If you want to be a doctor, you have to go to medical school.  If you want to be a nurse, you have to go to nursing school.  Taking shortcuts doesn't do you or a patient any favors.  And, incidentally, the short cut can wind up taking a whole lot longer than doing things the normal way.  Expecting people to have the proper education to engage in a profession is utterly rational, in my opinion.


----------



## jeepcj85

That is very true about a medic not being a nurse, and not having all of the training of a nurse. Your opinion about RN training is just that, however, an opinion. You may be right or wrong, but the fact is, many colleges nation wide, reputable ones that have had RN programs for years offer Medic to RN bridge. The programs typically last 18 months and yield an RN associates degree. These programs are approved by state nursing boards.


----------



## medic417

EMSLaw said:


> Well, here's a thread raised from the dead for no good reason...

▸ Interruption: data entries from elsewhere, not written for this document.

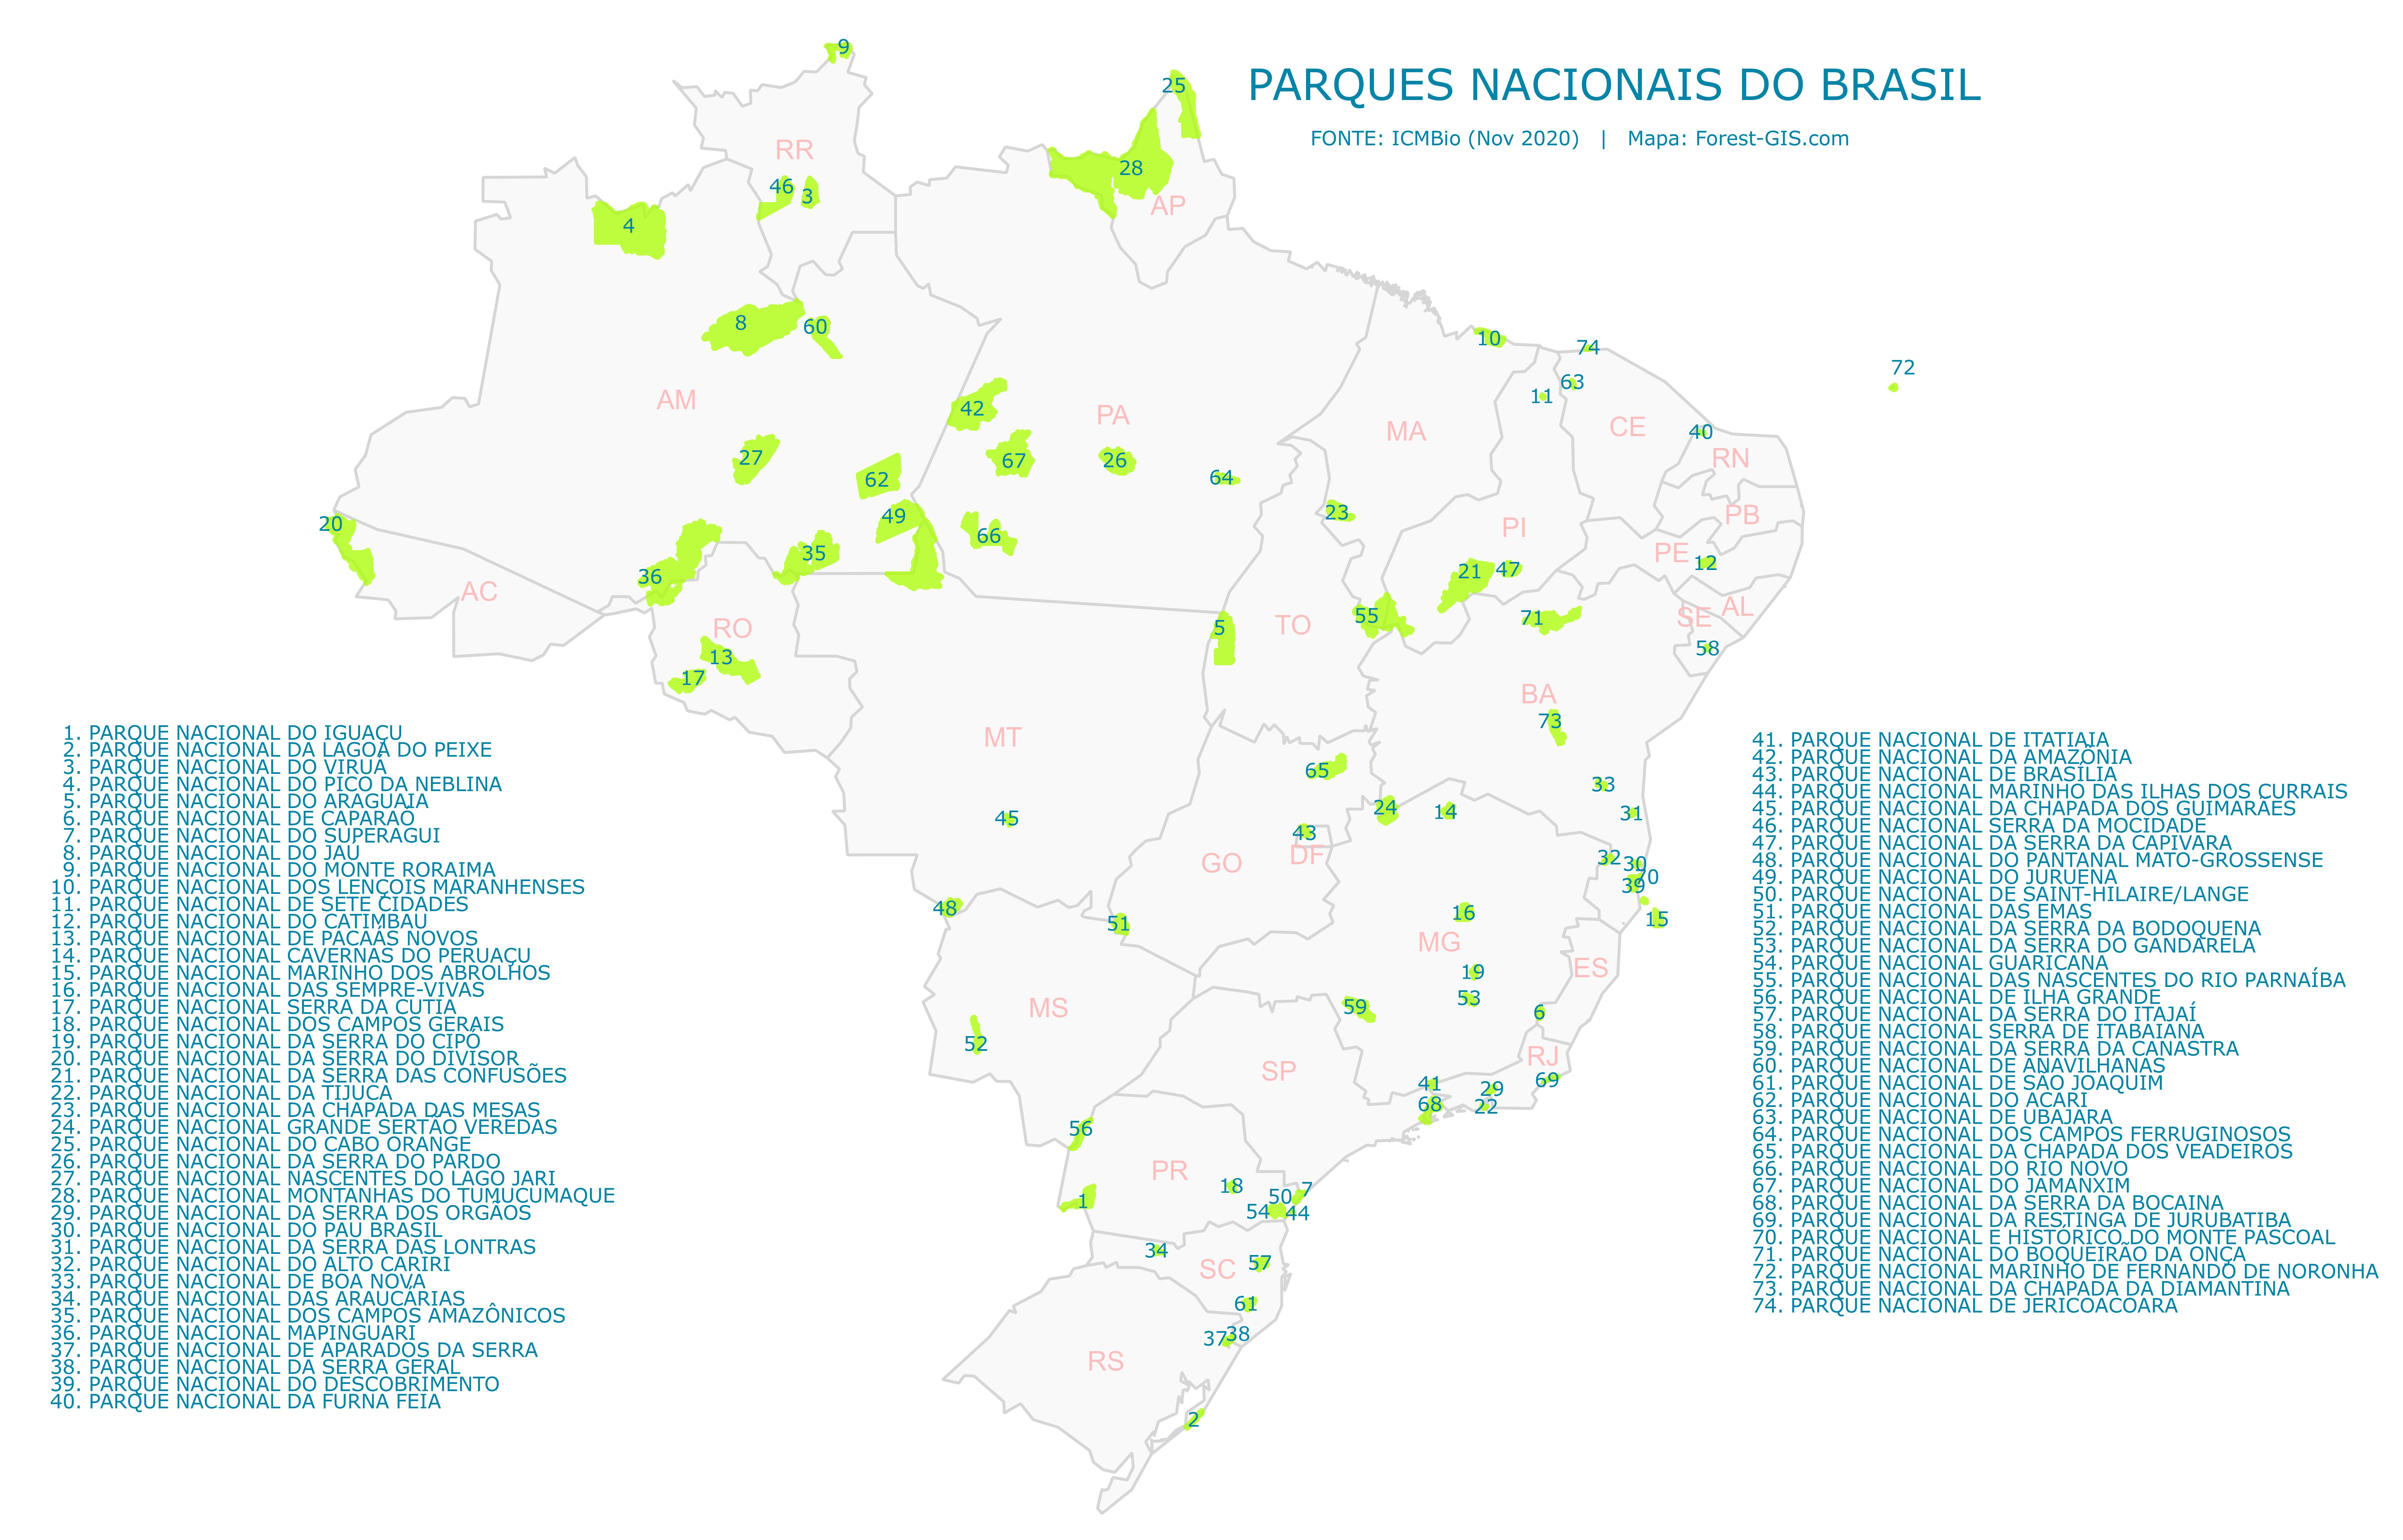 Parques Nacionais do Brasil
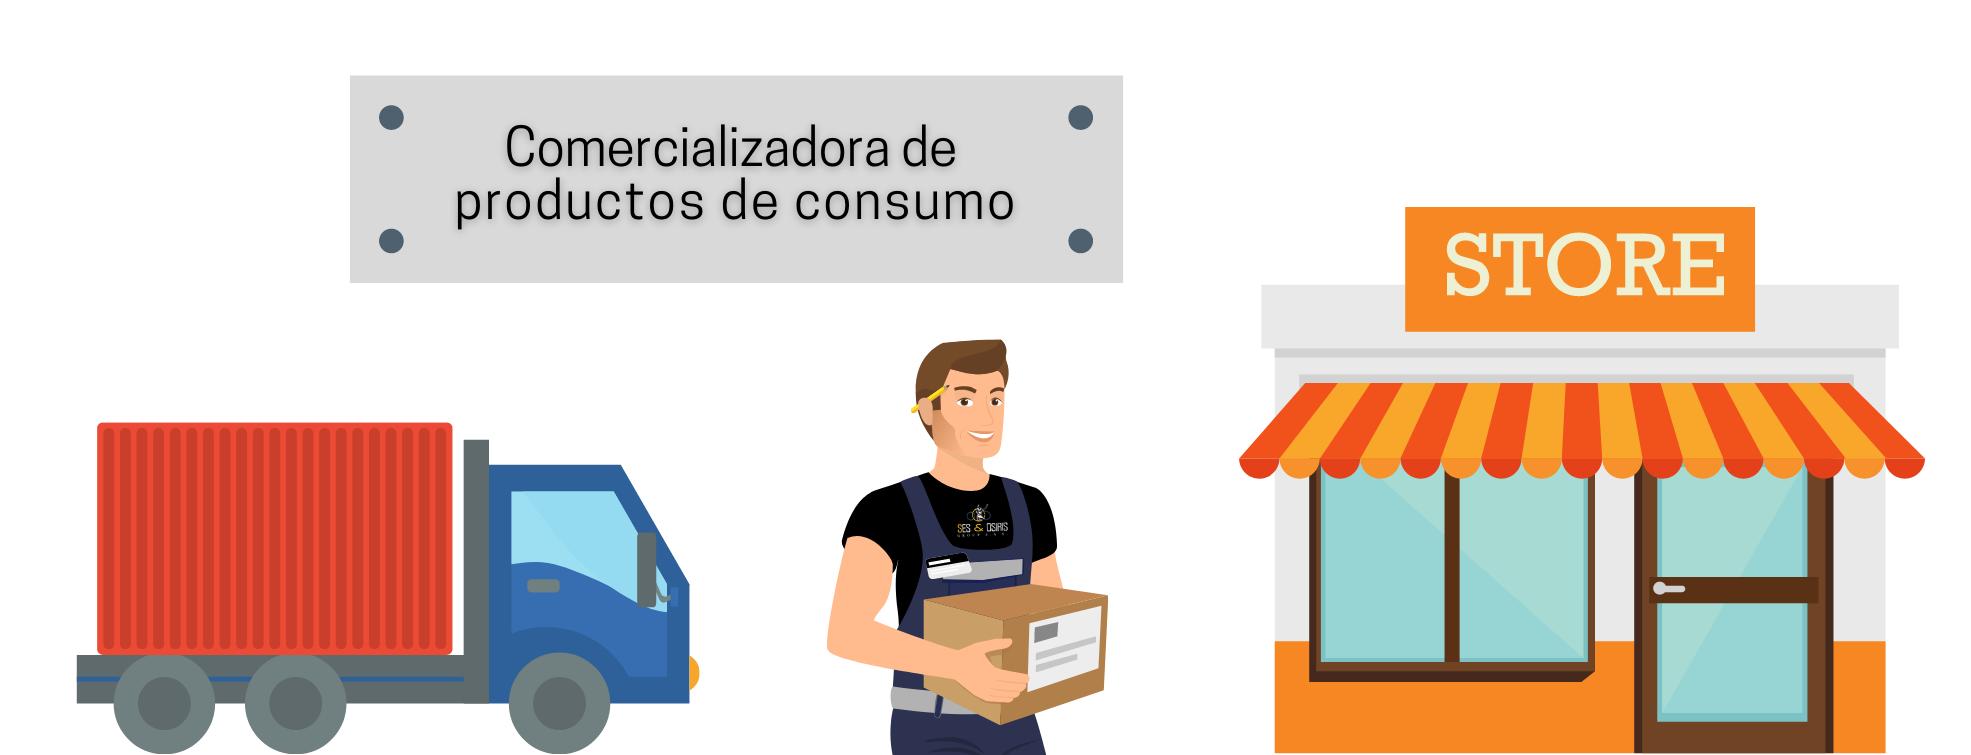 Comercializadora de productos de consumo
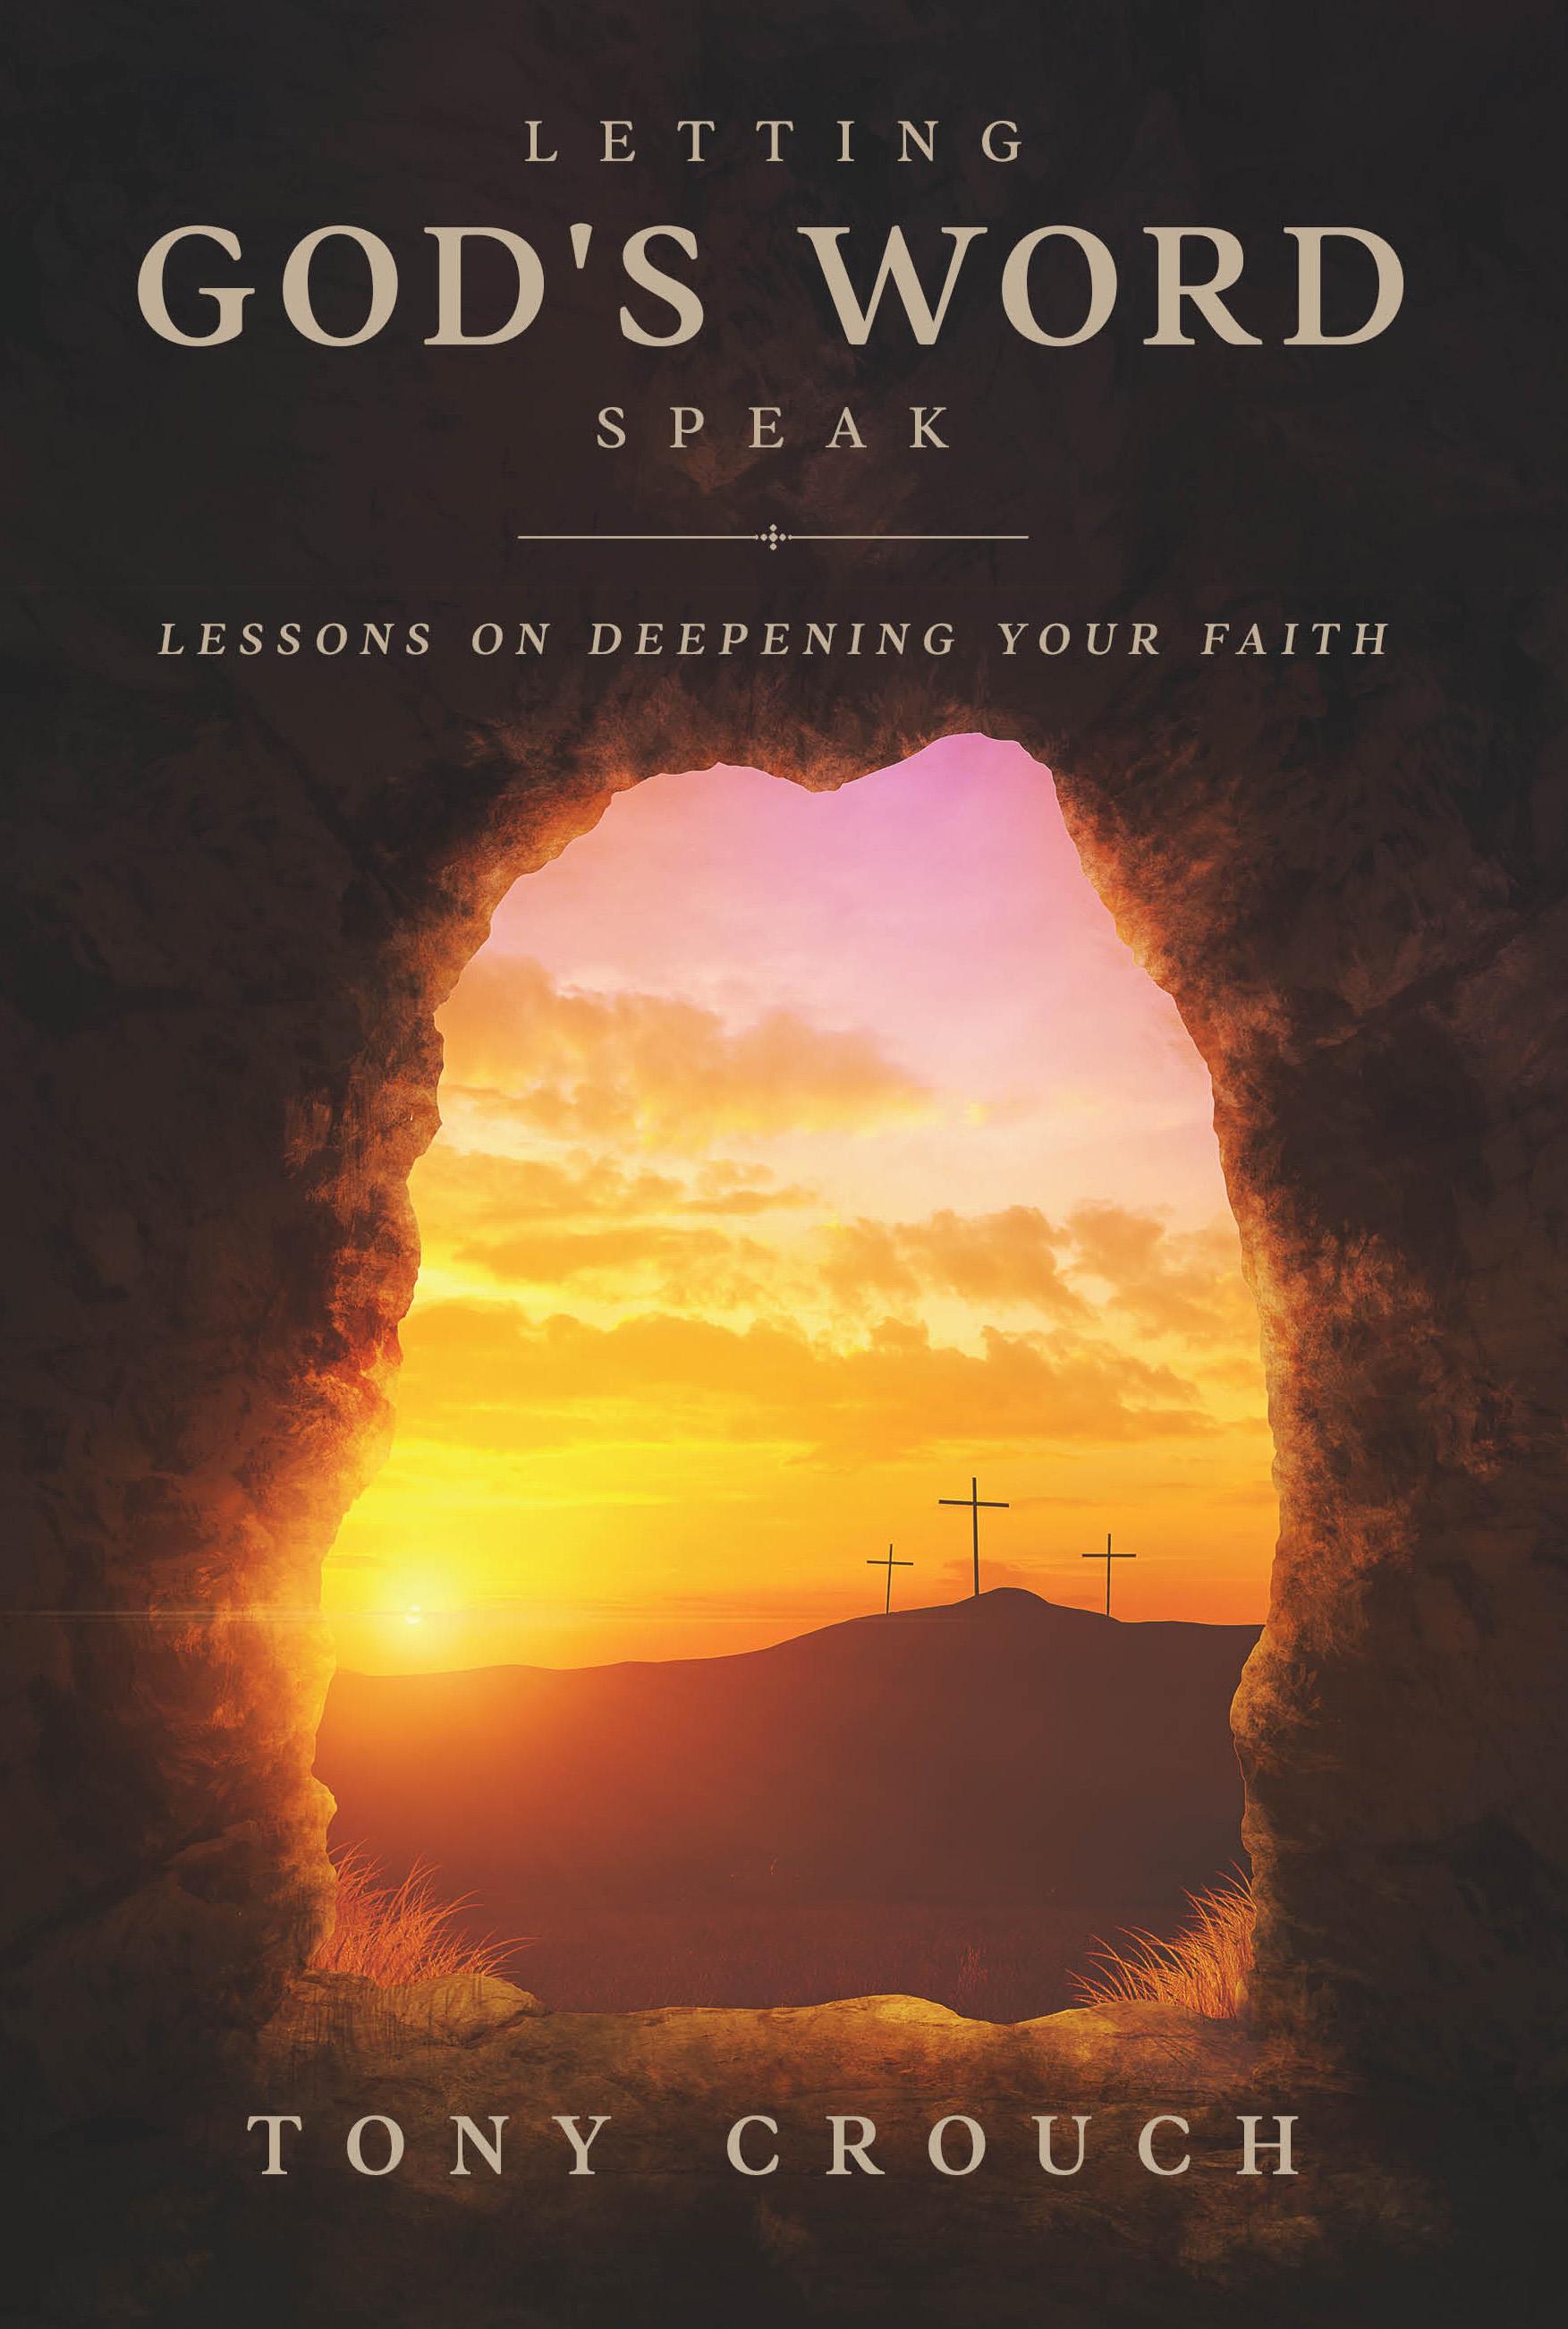 Letting God's Word Speak

Actually might be the first new person that has ever used the search.  You should be commending rather than attacking.


----------



## EMSLaw

jeepcj85 said:


> That is very true about a medic not being a nurse, and not having all of the training of a nurse. Your opinion about RN training is just that, however, an opinion. You may be right or wrong, but the fact is, many colleges nation wide, reputable ones that have had RN programs for years offer Medic to RN bridge. The programs typically last 18 months and yield an RN associates degree. These programs are approved by state nursing boards.



For years, there were diploma nursing programs.  Those programs were eventually deemed inadequate.  Now, associate degree programs are suffering the same problem.  More and more frequently, the entry-level credential for nursing is a bachelor's degree.  We've seen the same trend throughout medicine - Pharmacy used to require a five-year B.Pharm, and now requires a six-year Pharm.D.; Respiratory Therapy was a technical diploma, then became an associates program, and now is more and more becoming a bachelor's or even masters-degree carrying profession.  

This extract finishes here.